The Lord Ordinary observed (para [26]) that the pursuers accepted that they had to aver facts from which it could be inferred that the conduct of Mr McCulloch in harassing the deceased was "in the course of his employment as that concept has been developed in case law such as Lister and in subsequent cases". Both parties accepted that the "close connection" test as stated by the Lord President (Hamilton) in Wilson v Exel (supra) at para [7] was "between the task with which the employee had been charged and the conduct complained of...".

[10] The Lord Ordinary considered, however, that the pursuers' case was distinguishable from Wilson (supra) and plainly influenced by Majrowski v Guy's and St Thomas's NHS Trust (supra). In the context of the general policy considerations which she had noted, and their analysis in Majrowski (Lord Nicholls at paras 28 and 30), the Lord Ordinary recognised the need for employers developing codes of practice and discipline to regulate employees' behaviour. She then stated (para [35]):

"I consider that the type of behaviour which might be encompassed in a harassment case may be very different from an isolated or unexpected outbreak of aggressive behaviour by one employee to another.
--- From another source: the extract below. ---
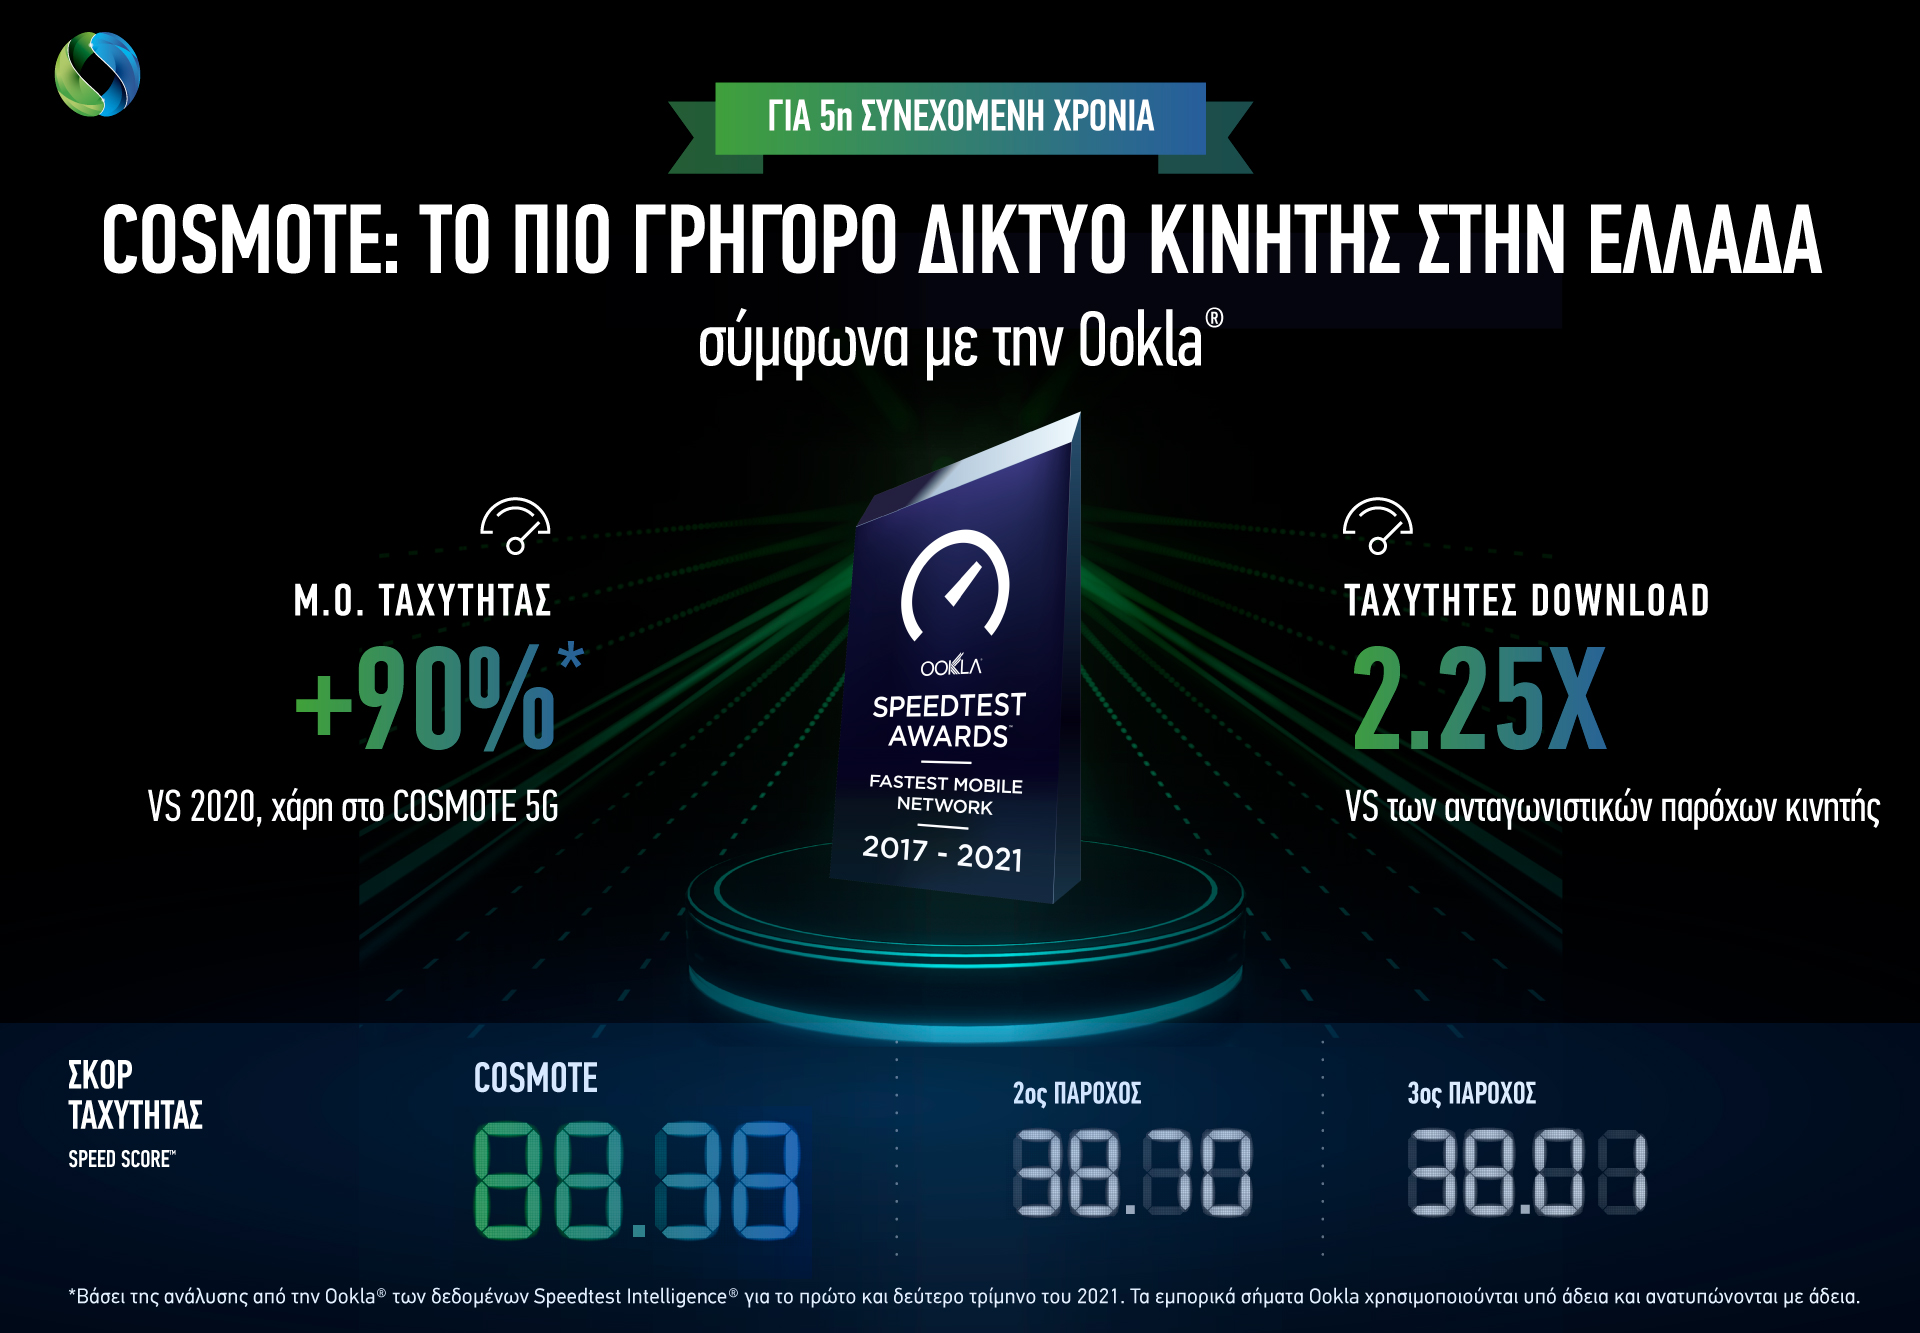 Για 5η συνεχή χρονιά η COSMOTE αναδεικνύεται «το πιο γρήγορο δίκτυο κινητής στην Ελλάδας

I do not consider that the case law dealing with individual assaults with employees who have molested or assaulted third parties are determinative of the situation in the present case."

At the same time she acknowledged (para [36]) that, following Majrowski (supra):

"...there are good policy reasons for extending the scope of vicarious liability to harassment cases which satisfy the general principles of vicarious liability. That includes satisfaction of the close connection test."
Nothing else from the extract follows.